不過那是好久好久以前的事了，還沒懂事呢。
現在連些片段都沒留下，之前DISNEY有播，但還是沒看到。

......怪了，想不到還有哪些動畫有狼，
一定還有。

----------


## 咒地 固力猛

狼與羊我還沒看完，
魔法公主我家倒是有片子，國中時天天都在看呢──

----------


## lan

哇哇哇!!好多狼的圖圖喔! 我好喜歡!
我也好想看有關狼的影片..
但是呢......我平常很少看的到!!~
所以只能上網看圖拉~~!  :Crying or Very sad:

----------


## wingwolf

新增《森林王子》
經典舊電影啊
畫風很古老呢  :Mr. Green:  

目前仍在努力收集狼電影……

=============================================== 

圖片分流 
*U~Z*

------------------------------------------------------------------------------------

*《恶狼之城（Wolf Town）》（美）* NEW

點擊以顯示隱藏內容

    樂園討論串在此：Zookeeper《2012年4月發行 DVD影視 - 惡狼之城 (Wolf Town)》
从名字就可以看出狼的戲份啦~
雖然影片中的人物總是強調“狼只是想要奪回本就屬於自己的鎮子”
但整體還是……嗯，怎麼說呢(?)

圖在此

















*《動物園看守（Zookeeper）》（美）*

點擊以顯示隱藏內容

    樂園討論串在此：Zookeeper《動物園看守/精裝群獸追女仔》
很有趣的電影，講述了會說話的動物園動物們爲幫助飼養員追女友的各種搞笑趣事~~
於是狼所提的主意自然而然與氣味和領域行爲有關
話說讓人類用那種方式劃分領地真的好損XDDD

圖在此

----------


## 獠也

嗯.......
大飽眼福呢!!!
謝謝羽狼的分享~

題外......
我還去看地海的電影.....
看完後好失望阿.....
我本來就有看小說....
發現裡面有很多重要的事電影裡根本沒提到...
(雖然電影本身就會殺很多小說的內容...)
EX.雀鷹為何又叫格得?
     雀鷹的傷疤哪來的?
     ......等
電影說明的不太清楚......
陪我看電影的老媽還說她看不懂...
看完電影後我還要跟老媽解說她才了解.......

----------


## 狼佐

辛苦你了 感謝分享阿!!!

這些都是我童年的回憶呢，除了狼與羊是比較近代的以外

地海戰記沒看過^^"

森林王子後來有被迪士尼在翻拍成真人版，裡面的老虎黑豹跟一大堆狼也真的超帥帥帥帥帥帥帥的唷!

話說我小時候一直很迷惑為什麼狼的聲音明明是男生卻被叫媽媽(轟)

----------


## 迷思

> ......
> 再來是反派“朗議員”自喻爲狼 
> ......


有沒有自喻倒忘了，
只不過朗議員拿了一本介紹北極狼的書給主角看，
(什麼啊，拿狼當遊說手段!)
說起來真的好想親自把那本書看一遍哪!!
又好羨慕主角的家人們能與動物打交道呀。

其實這部片主要在講愛護環境等等，
如此一來，那位朗議員的行為是很該死的了。
(就是把土地交給私人企業開發啊，鳥糞砸得好。

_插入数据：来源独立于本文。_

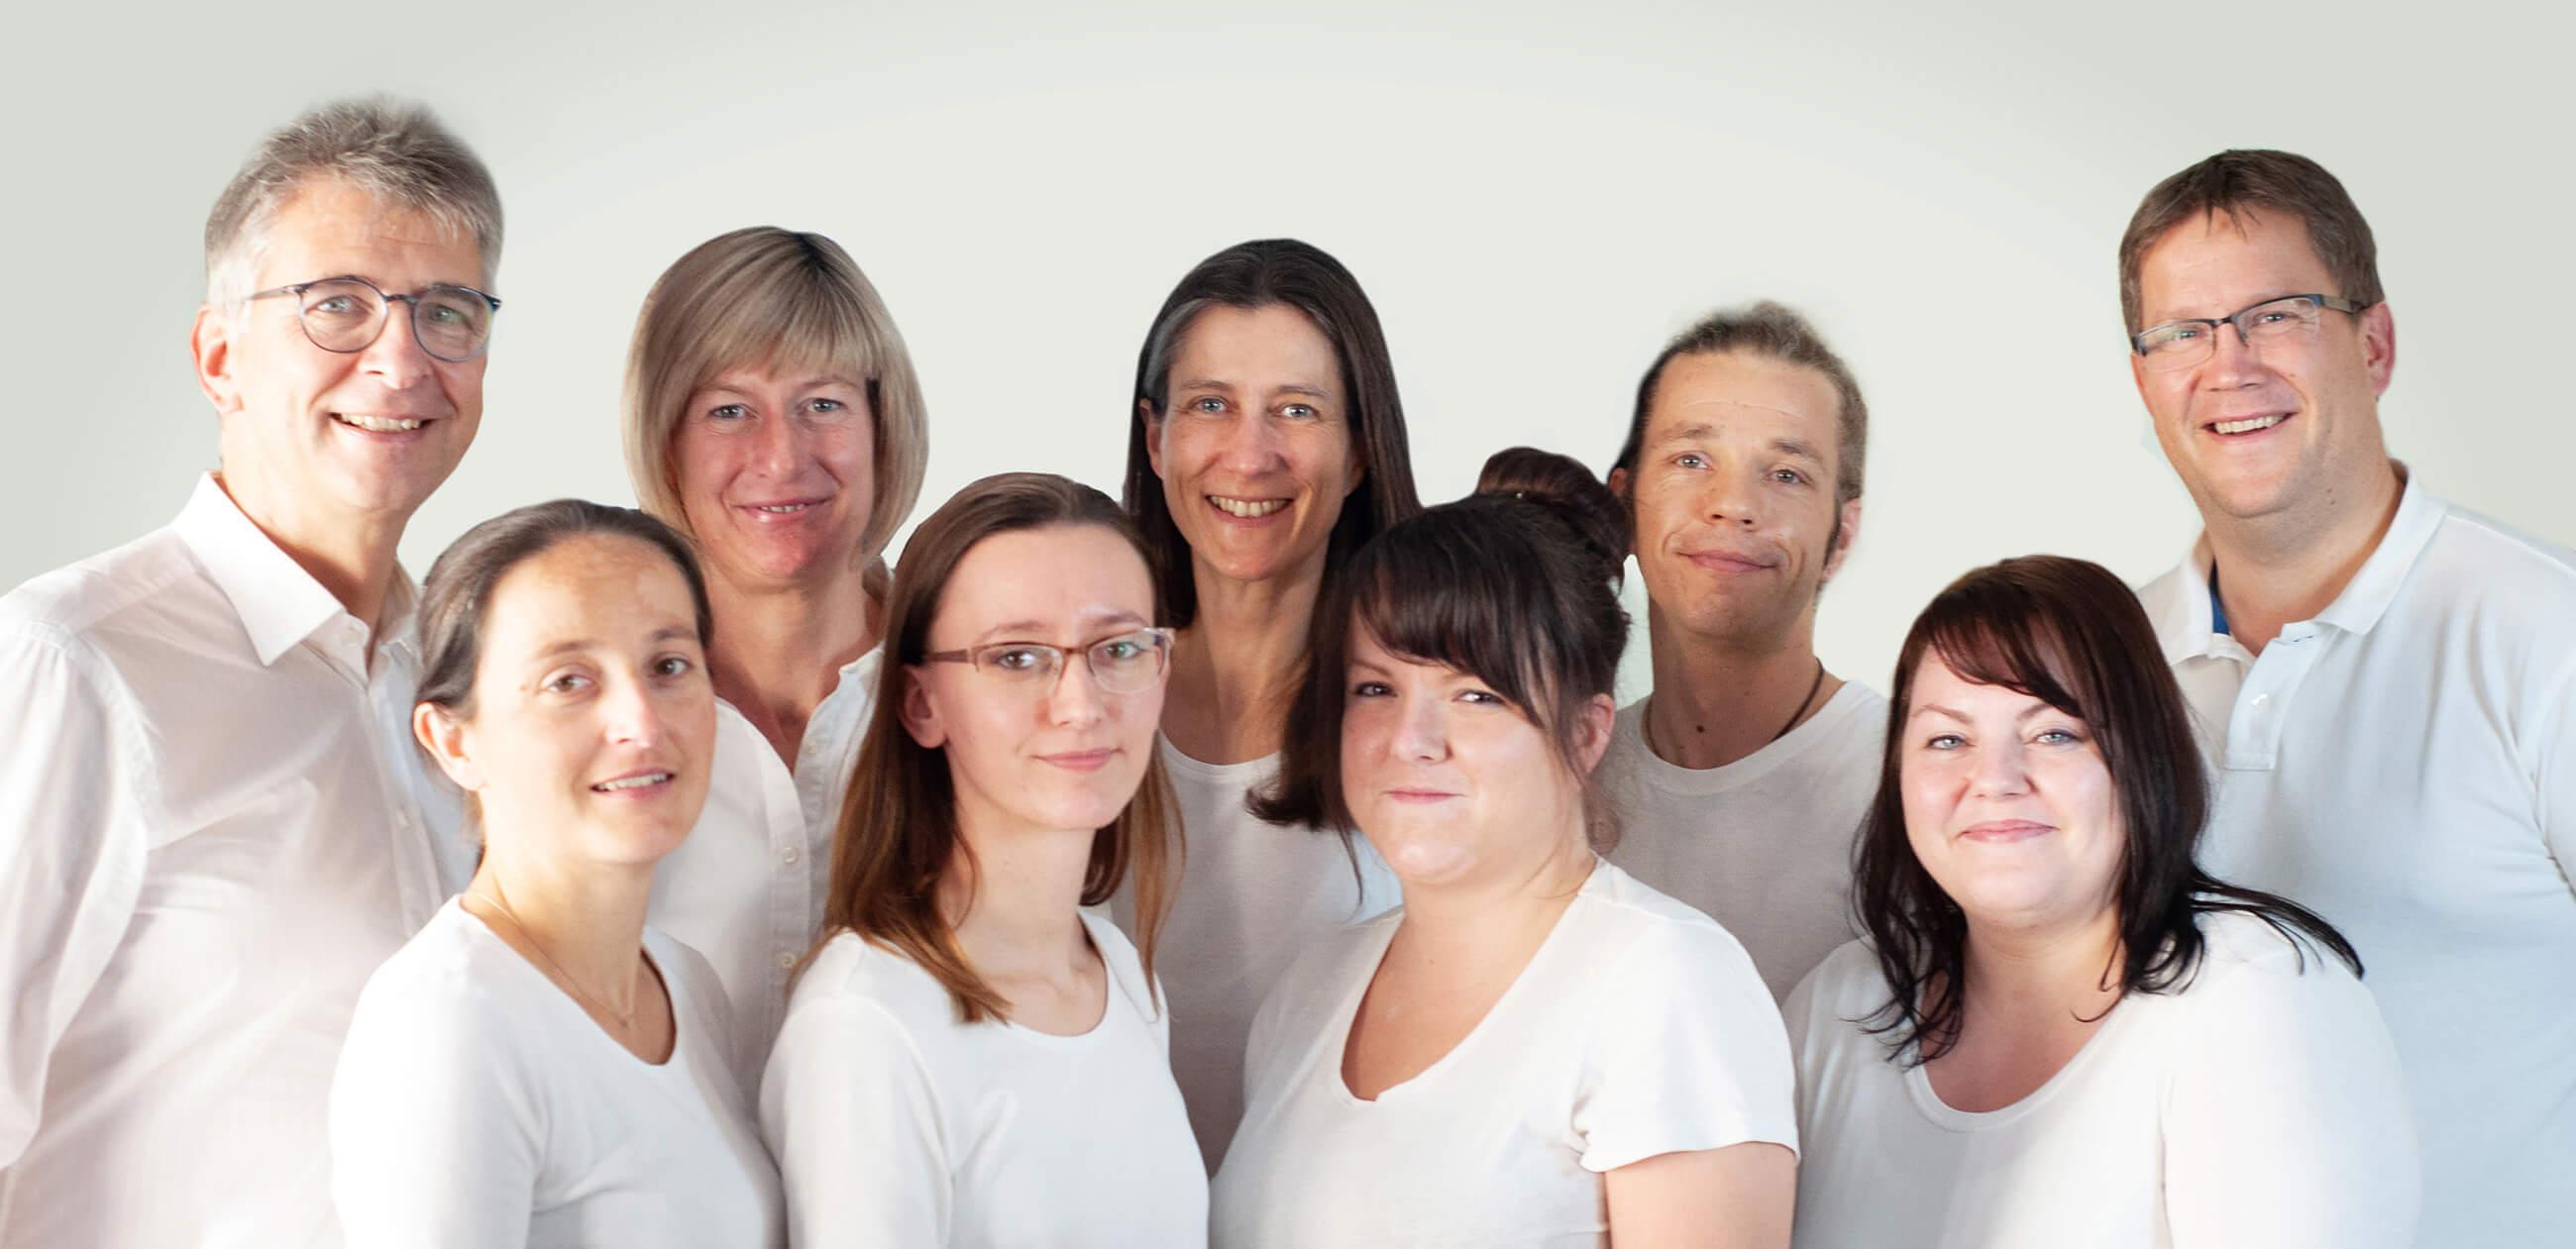 Ärzte und Assistenten in der Rostocker Facharztpraxis für Kardiologie

)

----------


## wingwolf

> 其實這部片主要在講愛護環境等等，
> 如此一來，那位朗議員的行為是很該死的了。
> (就是把土地交給私人企業開發啊，鳥糞砸得好。)


所以說朗議員是*超級大反派*啊^^
最後他被羊駝噴一臉口水的鏡頭才叫“大快人心”啊  :Mr. Green:  

真狼電影裏狼演正派的好少啊……

----------


## 阿翔

不過，
「拍電影」的狼應該不會是真的吧？
如果是真的不就等於那些狼被馴服了？
那麼翔只可以稱牠們是狗…
不過wingwolf大大還經常找到好東西喔，
謝謝大大~^^

----------


## 柴田 雷

冒牌天神　在台灣　稱為　王牌天神

裡面的動物全全部部都是真的，演主角的那個有說過，

狼並不是真完全被馴服，如果他們肚子餓其實也有可能攻擊羊、牛，

當然，長頸鹿也是真的找來的。

（我感覺好像在反駁翔的回應耶ｏＷＯ．．．我並不是這個意思哦）

----------


## 阿翔

按照雷的說法，
那麼狼願意拍電影就是被馴服了=.="
那麼翔也不會浪費時間去看，
對那些一點點馴服人類的狼沒有興趣…

----------


## 楓羽 月嵐

后天=後天=明天過後

其實狼群戲份不多...

不過小獸滿好奇那些狼是躲在哪邊逃過海嘯 暴風雪 跟絕對零度的颱風眼的..

----------


## tsume

說到狼電影
最經典的還是<與狼共舞Dancing With Wolves>吧~?
不過狼戲份還是很少......囧
不過是部好電影
雖然舊了點+結局很悲......

另外<范赫辛>和<那尼亞傳奇>也都有狼的出現
不過范赫辛是狼人
而狼在那尼亞裏是反派......

----------


## 諾藍

王牌天神裡的狼應該是從動物園裡借來的...

至於獅子我可以肯定那是假的!!...

我看過幕後花絮...

獅子它是用道具加上動畫後做出來的...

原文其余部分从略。